Code               Description of Service

A0362             Emergency transport; BLS
A0368             Emergency transport; no specialized ALS services rendered
A0370             Emergency transport; specialized ALS services rendered
A0380             Emergency "loaded" miles, BLS
A0382             Routine disposable supplies, BLS
A0390             Emergency "loaded" miles, ALS
A0398             Disposable supplies, ALS
A0422             Oxygen and oxygen supplies, ALS or BLS
Z5100              Emergency transfer from hospital to hospital, BLS
Z5101              Emergency transfer from hospital to hospital, ALS


Code REG 01 REG 02 REG 03 REG 04 REG 05 REG 06 REG 07 REG 08
A0362 $169.46 $164.00 $169.46 $169.46 $169.46 $169.46 $169.46 $169.46
A0368 $308.71 $309.08 $308.03 $309.13 $308.99 $308.99 $308.24 $309.32
A0370 $308.71 $309.08 $308.03 $309.13 $308.99 $308.90 $308.24 $309.32
A0380 $3.91 $3.91 $3.91 $3.91 $3.91 $3.91 $3.91 $3.91
A0382 $7.50 $17.00 $17.00 $17.00 $17.00 $17.00 $17.00 $15.00
A0390 $3.91 $3.91 $3.91 $3.91 $3.91 $3.91 $3.91 $3.91
A0398 $7.50 $17.00 $17.00 $17.00 $17.00 $17.00 $17.00 $15.00
A0422 $34.51 $34.51 $34.51 $34.51 $34.51 $34.51 $34.51 $34.51
Z5100 $169.46 $169.46 $169.46 $169.46 $169.46 $169.46 $169.46 $169.46
Z5101 $308.71 $309.08 $308.03 $309.13 $308.99 $308.99 $308.24 $309.32

Services Provided Involving both HMO and Medicaid Coverage

HCFA has recently clarified several issues concerning services provided to recipients who are covered by both an HMO and Medicaid.  Effective with dates of service September 1, 1996, Louisiana Medicaid will adopt the following policy concerning HMO/Medicaid coverage.  This policy is based on HCFA clarification.
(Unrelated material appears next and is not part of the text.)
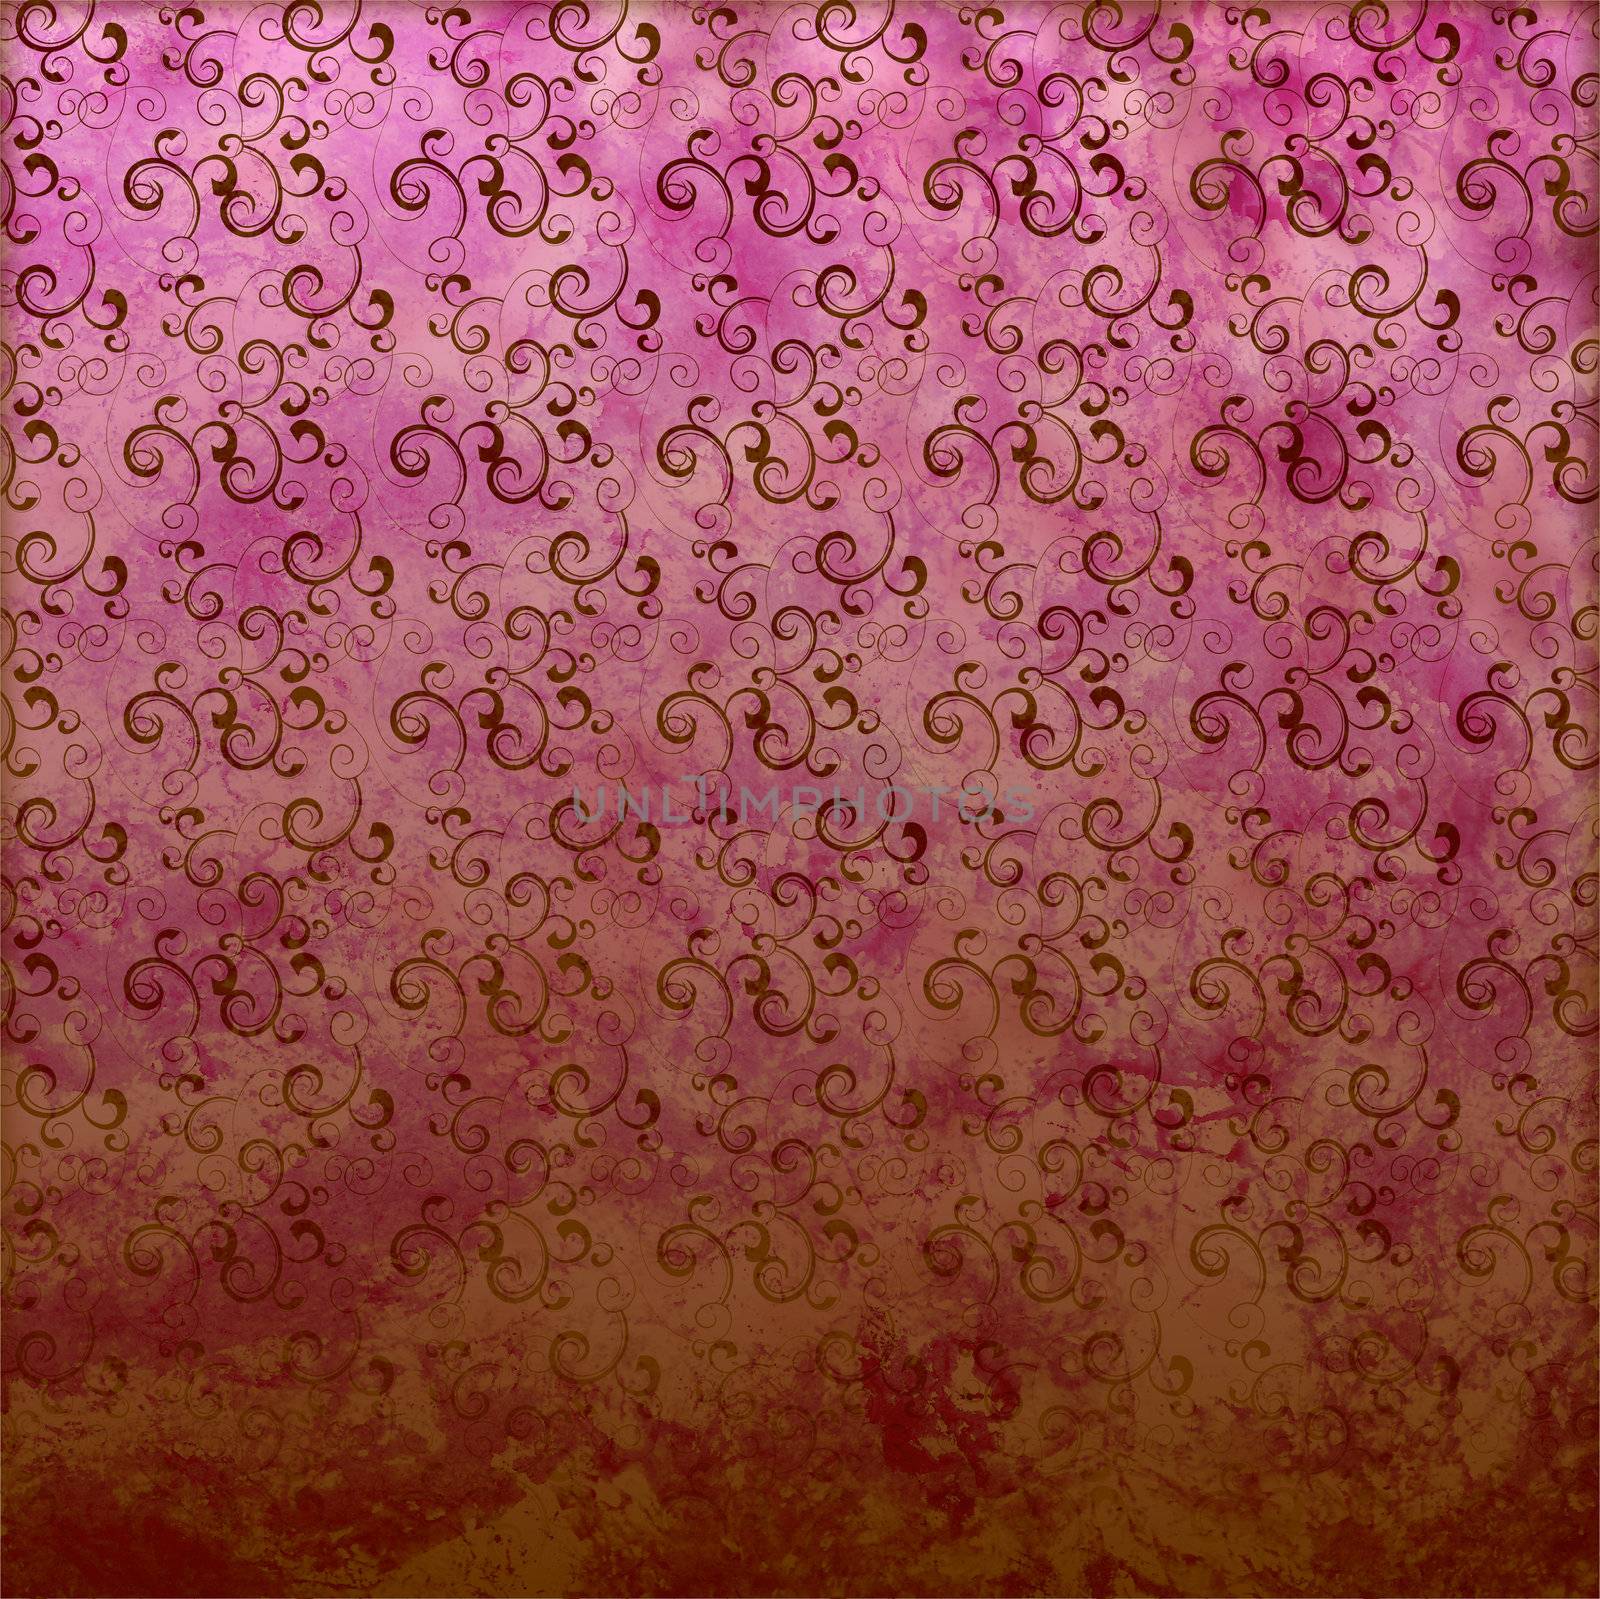 magenta grunge paper background with floral pattern

The recipient must use the services of the HMO which they freely choose to join.  These claims must be submitted hardcopy with a copy of the HMO EOB from the carrier which is on file with the State.
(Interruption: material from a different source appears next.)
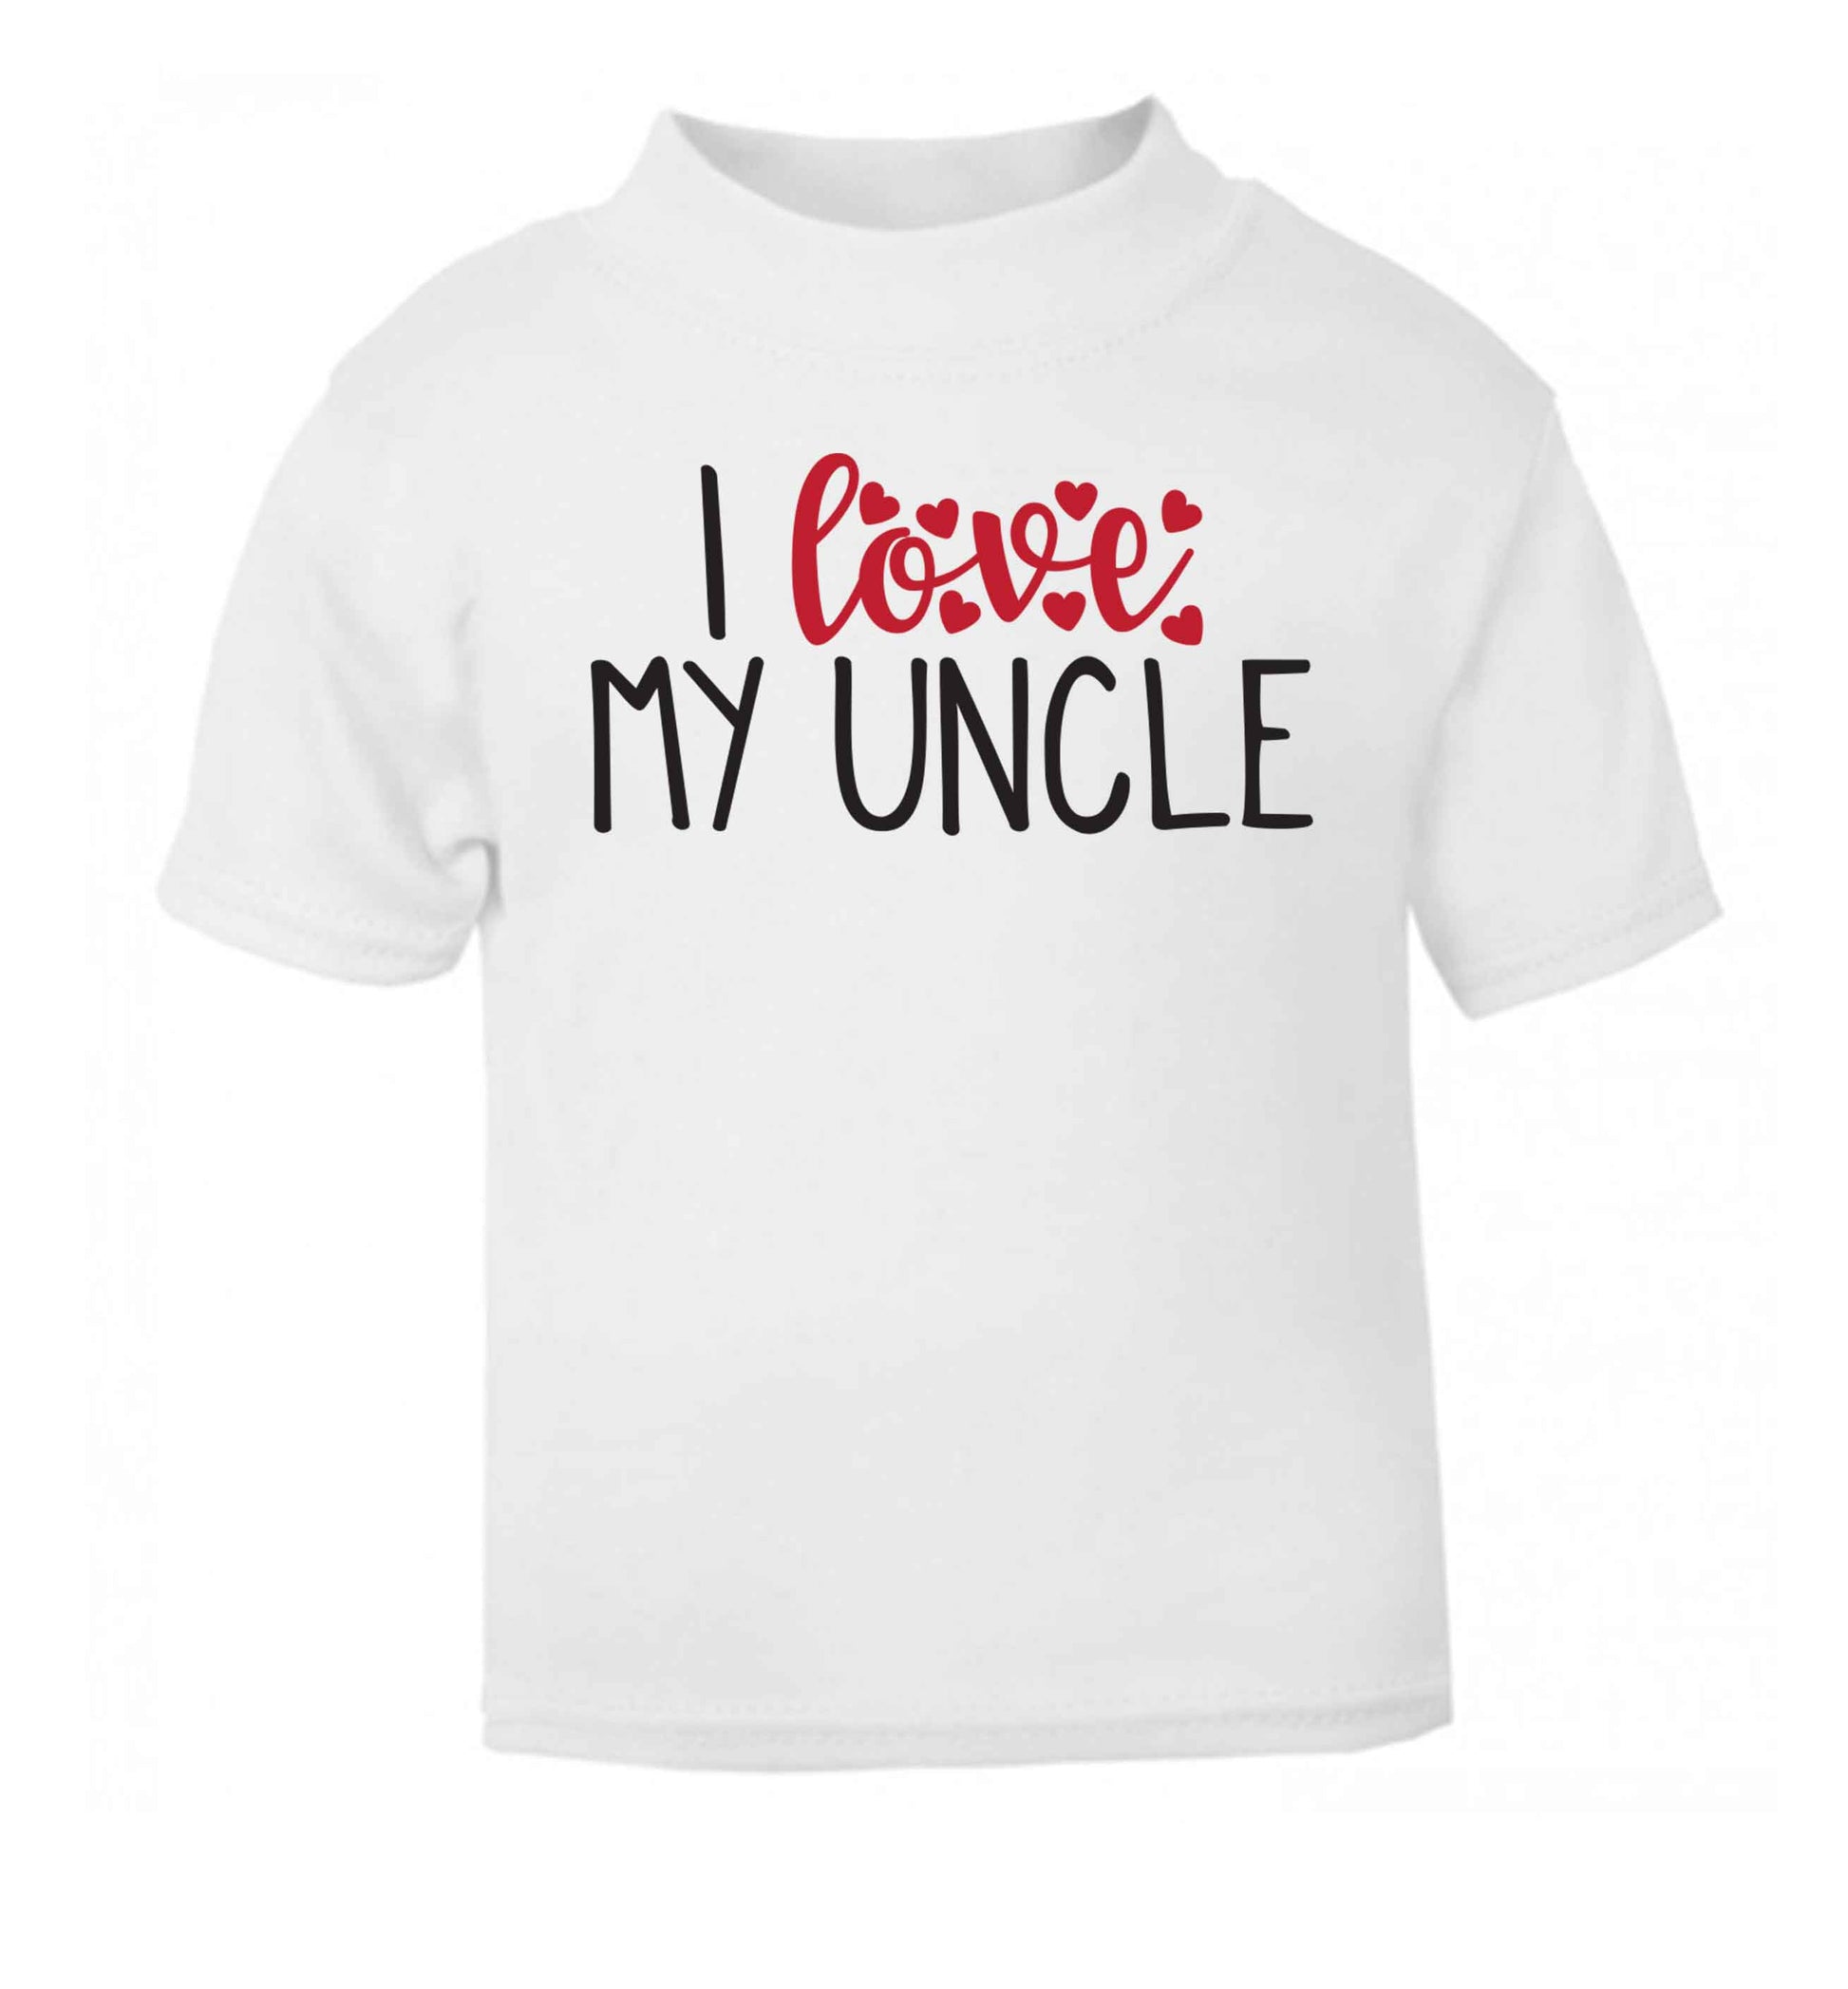 I love my uncle white Baby Toddler Tshirt 2 Years

1.      If the HMO denies the service because the service is not a covered service offered under the plan, the claim will be handled as a Medicaid claim and processed based on Medicaid policy and pricing.

2.      If the HMO denies the claim because the recipient sought medical care outside of the HMO network and without the HMO's authorization, Medicaid will deny the claim with a message that HMO services must be utilized.

3.      If the recipient uses out of network providers for emergency services and the HMO does not approve the claim, Medicaid will deny the claim with a similar edit.

If the provider of the service plans to file a claim with Medicaid, copayments or any other payment cannot be accepted from the Medicaid recipient.

Please make this information available to all staff who may need it.